As Chris acknowledges, "_*I don't think that's necessarily the right path, for Google to make a car*. I think Google is very good at the technology side of this, the self-driving technology ..._". Also Apple dropped their ambitions of building a self drivable car from scratch. This is car manufacturers job, and in this "ecosystem" Elon Musk should be greatly appreciated for taking the risk to challenge the industry with an entirely new product against all odds.

Because the electric car, not the self drivable car, is the future.


----------



## heynow321 (Sep 3, 2015)

most of the smarter people around here already know all of this as it's not far removed from common sense. only the mental toddlers here think this crap is coming to fruition any time soon.


----------



## RamzFanz (Jan 31, 2015)

jocker12 said:


> *First - The "statistical" fallacy*
> In order to make the autonomous cars idea appealing to the general public, Silicon Valley's main argument from the beginning was how those robot cars will save thousands of lives.
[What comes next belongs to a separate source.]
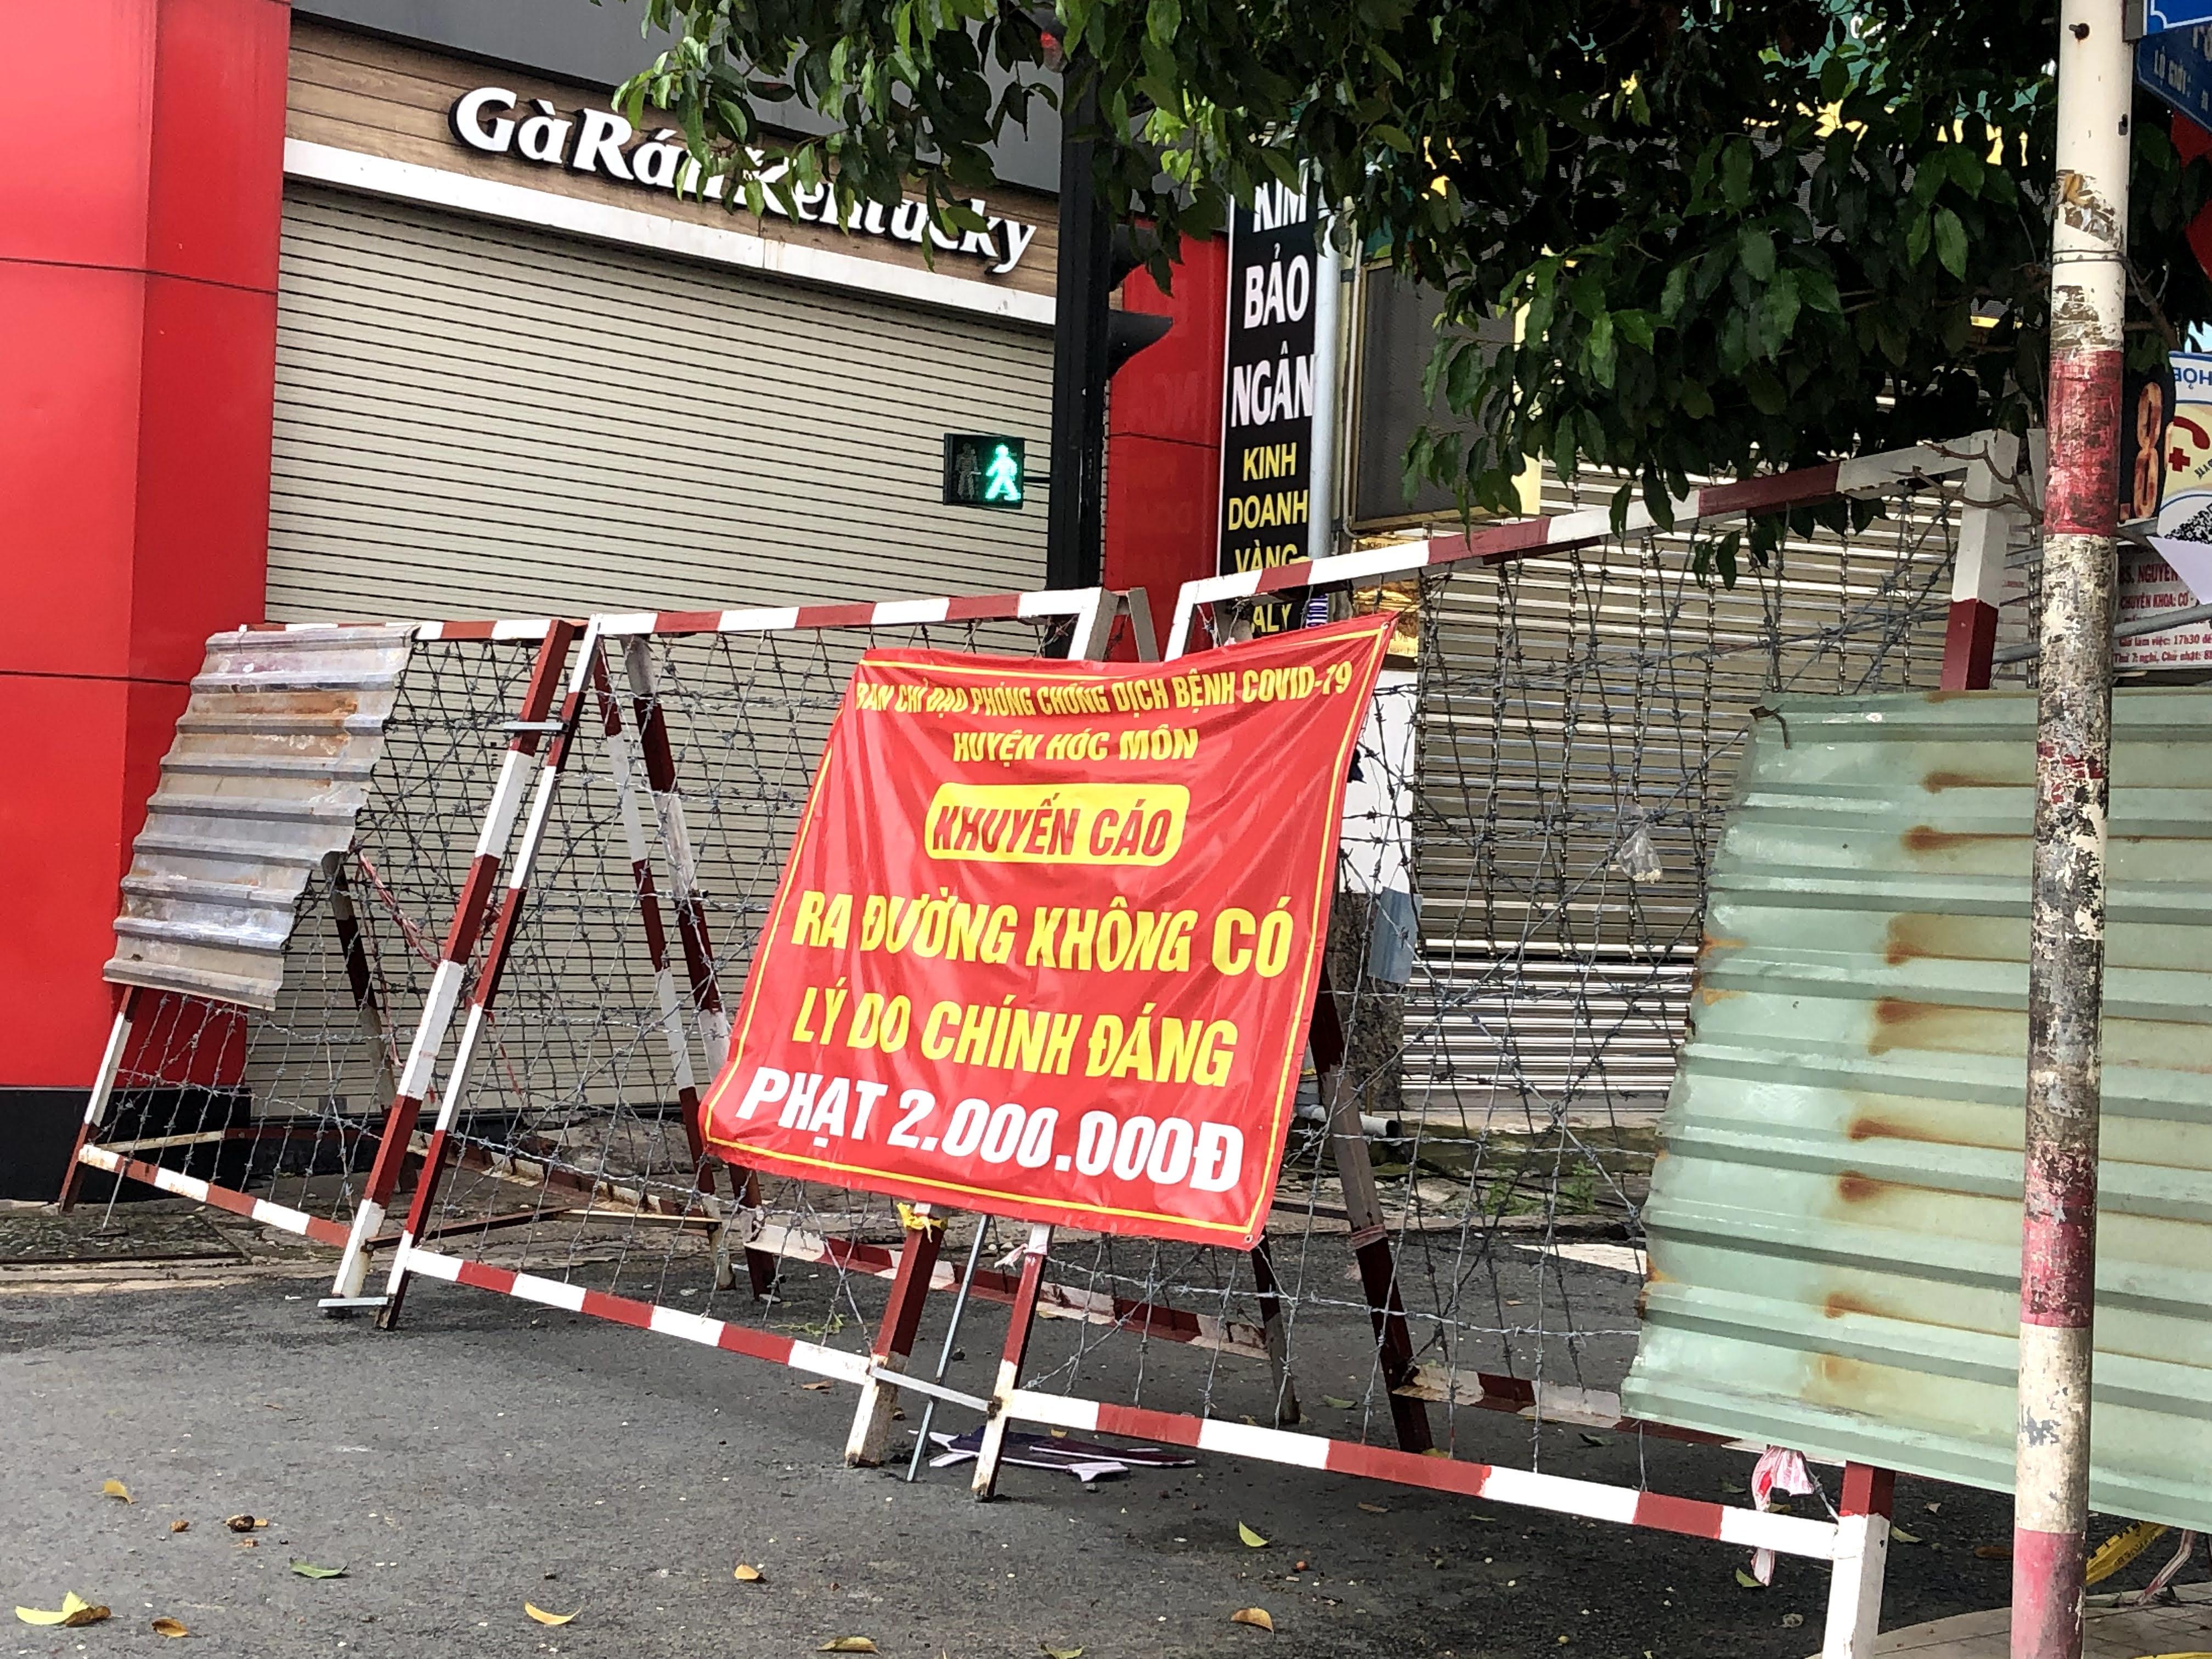 Chốt chặn một tuyến đường ở thị trấn Hóc Môn. Dù tín hiệu đèn đường vẫn hoạt động nhưng nhiều tháng qua không có bất cứ phương tiện nào có thể di chuyển được.
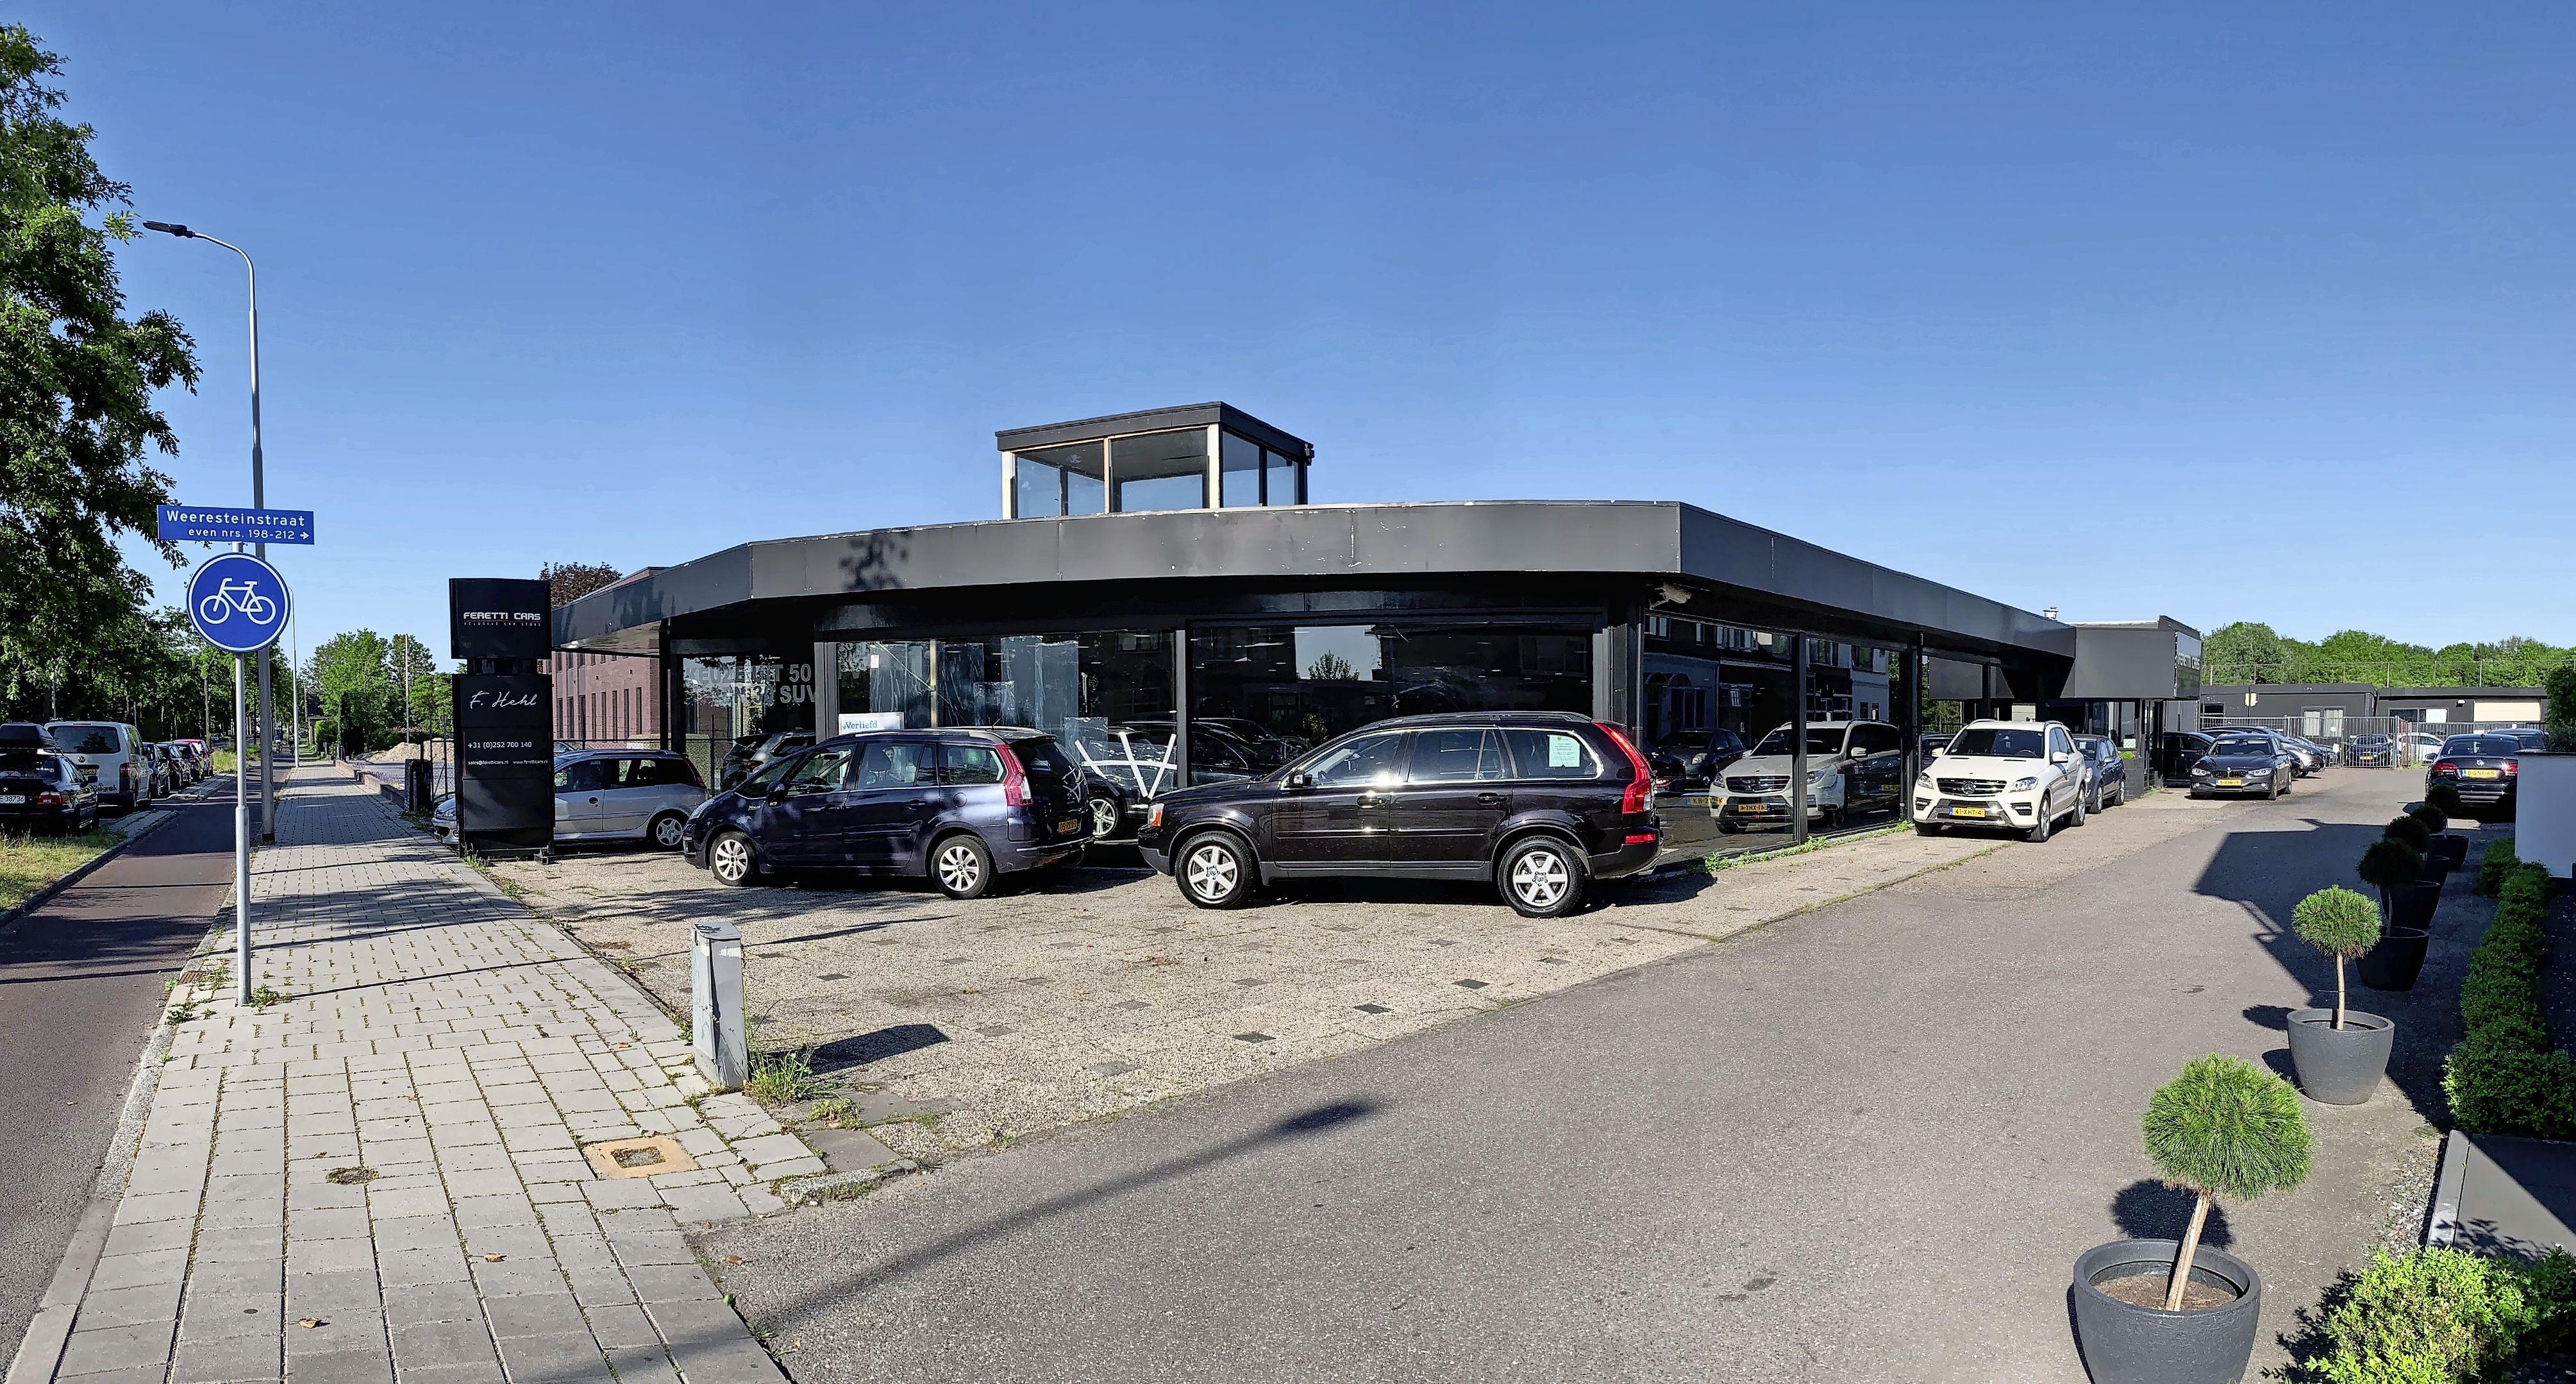 Hillegoms burgemeester sluit garagebedrijf Feretti Cars voor drie maanden na schietpartijen

In order to support that, they used something they are very good at - statistics. They've claimed that if you want to understand the good in the self driving cars you need to understand how _statistically _(and I am going to use this website's info - http://asirt.org/initiatives/informing-road-users/road-safety-facts/road-crash-statistics), 3.287 people die from car crashes every single day. The general public got their punch in the face, because any mentally sane person, looking at those numbers, it will accept self driving cars engineers as angels meant to save human lives with their technology.
> 
> Hummmmmm... Let's take a break and listen to Chris Urmson here for a second - _"*So you know in America, somebody dies in a car accident about 1.15 times per 100 million miles. That's like 10,000 years of an average person's driving*. So, let's say the technology is pretty good but not that good. You know, someone dies once every 50 million miles.". _According to Insurance Institute for Highway Safety - Highway Loss data Institute, "There were 32,166 fatal motor vehicle crashes in the United States in 2015 in which 35,092 deaths occurred. This resulted in 10.9 deaths per 100,000 people and 1.13 deaths per 100 million miles traveled", so Chris Urmson is correct, and a person needs to drive for 10.000 years in average to get to the unfortunate point of the possibility of being killed in a car accident. So, the cars and the real people driving them are incredibly safe at this point, and is no reason for anybody to actually panic because "driving is not safe" and needs to be replaced.


You focus on deaths because it suits your argument. Deaths are down not because we are good drivers, we aren't, but because of improved safety standards.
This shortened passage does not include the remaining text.